Inquiry-based Labs using Inclusive Teaching Practices...
...support the development of students' scientific reasoning and decision-making abilities. This tested lab curriculum is aligned with AAPT Lab Guidelines and comprised of guided inquiry-based labs focused on designing and conducting controlled experiments, making appropriate decisions, conducting data analysis, and interpreting and synthesizing results to construct meaningful evidence-based claims. Participants will work through multiple lab activities that model the facilitation of inquiry-based labs and learn how assessments can be used to measure skills-based outcomes. In addition, participants will explore flipped learning, collaborative work groups, and how to incorporate inclusive teaching practices.

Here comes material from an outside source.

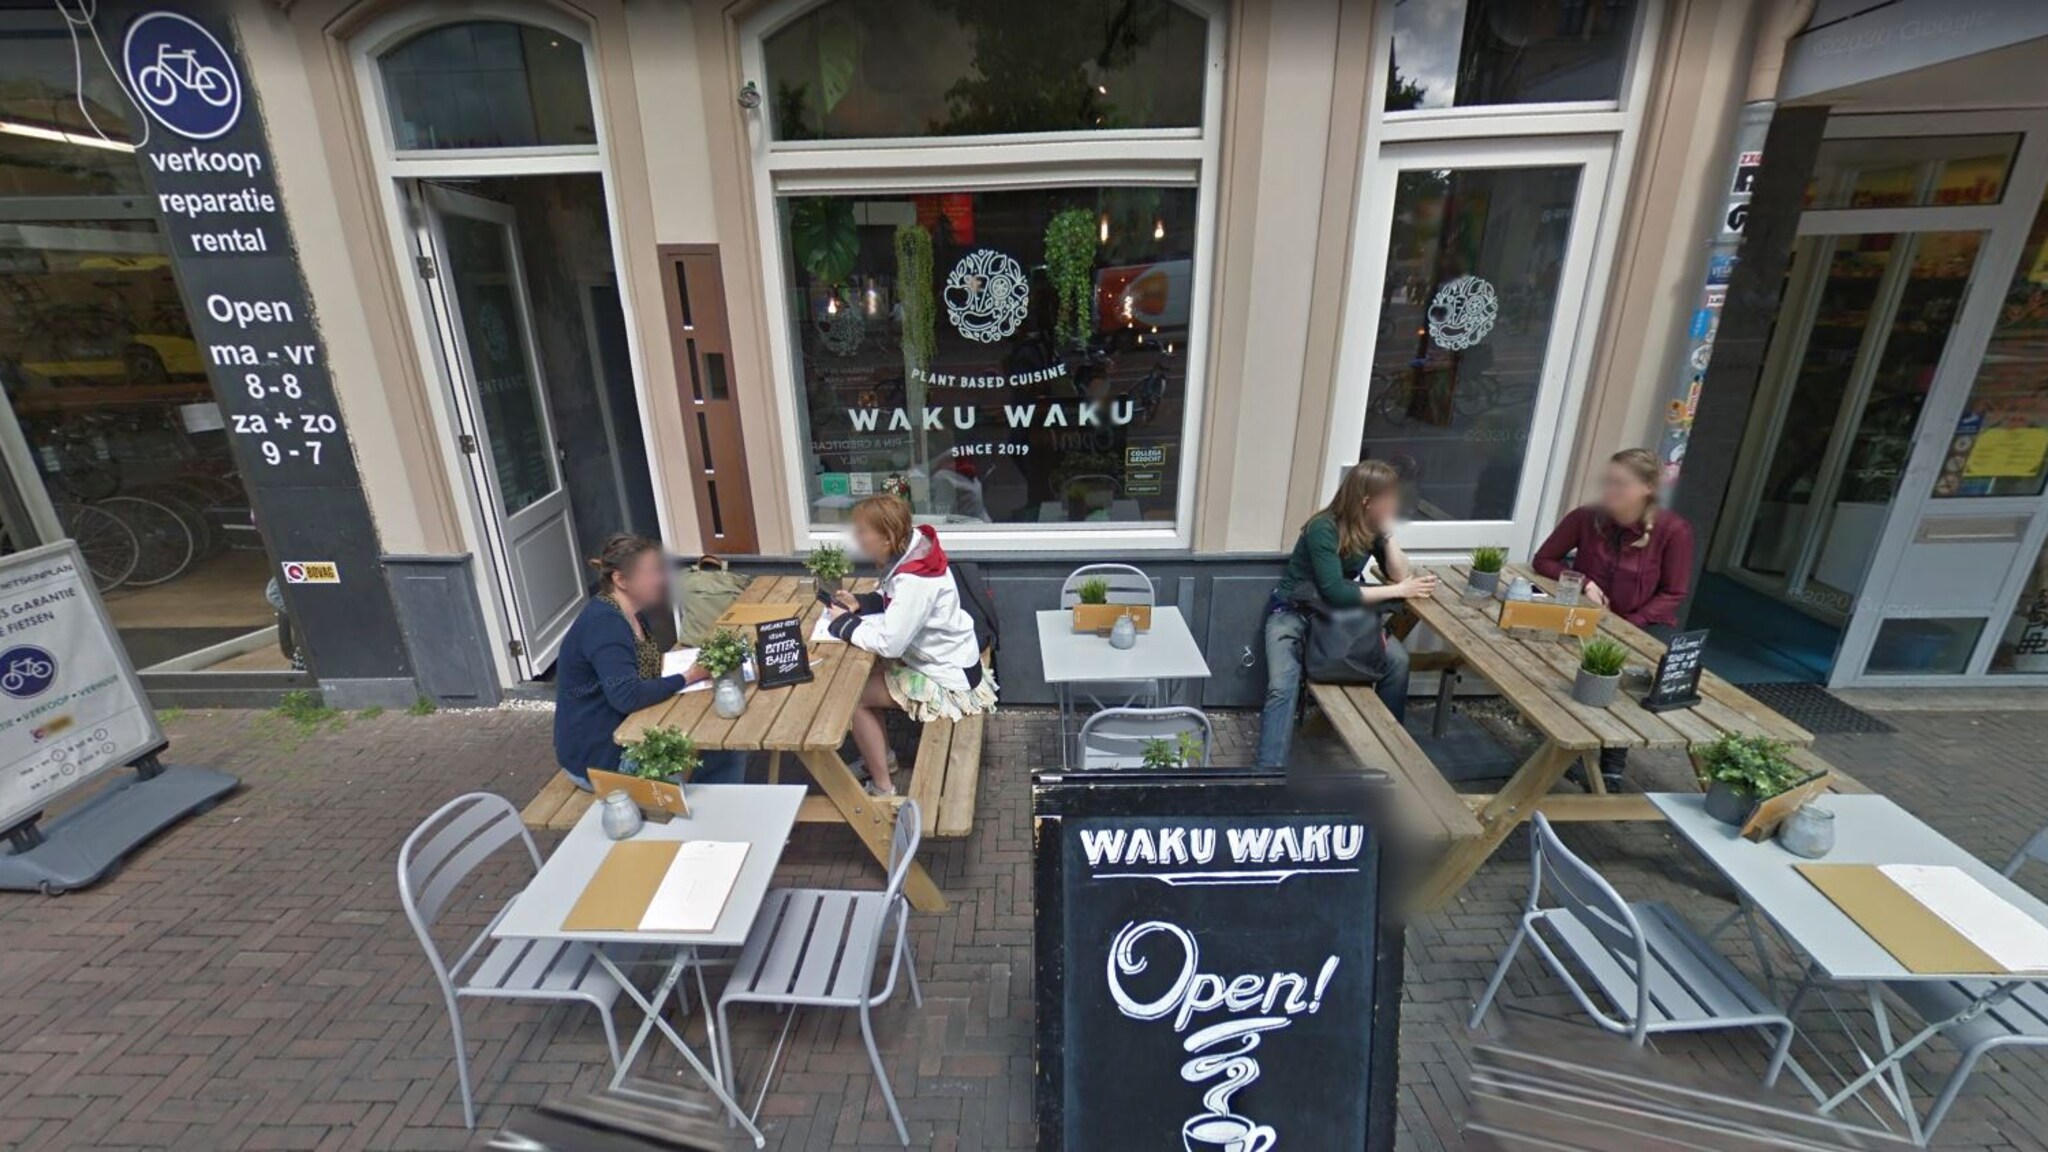 Restaurant in Utrecht closed after CoronaCheck app refusal

Curricular Approaches with Technology...
...tools coupled with an activity-based physics approach provides a better method of teaching physics by enabling the teaching/learning process to build on students’ direct experiences in the physics classroom/laboratory or studio. As recent PER data indicates these technological tools give students immediate feedback by presenting data graphically and in a manner that can be easily and quickly understood. The ease of data collection and representation afforded by these tools invites students to ask, discuss, and answer their own questions. Thus, students acquire an increased competence in the use and interpretation of graphs as well as a better understanding of the physical relationships, principles, and concepts that underlie their experiences. In this hands-on workshop, participants will explore computation, Studio Physics, and use of MBL in areas involving force, one-dimensional linear motion, rotation, sound, heat, electricity, magnetism, nuclear radiation, and light.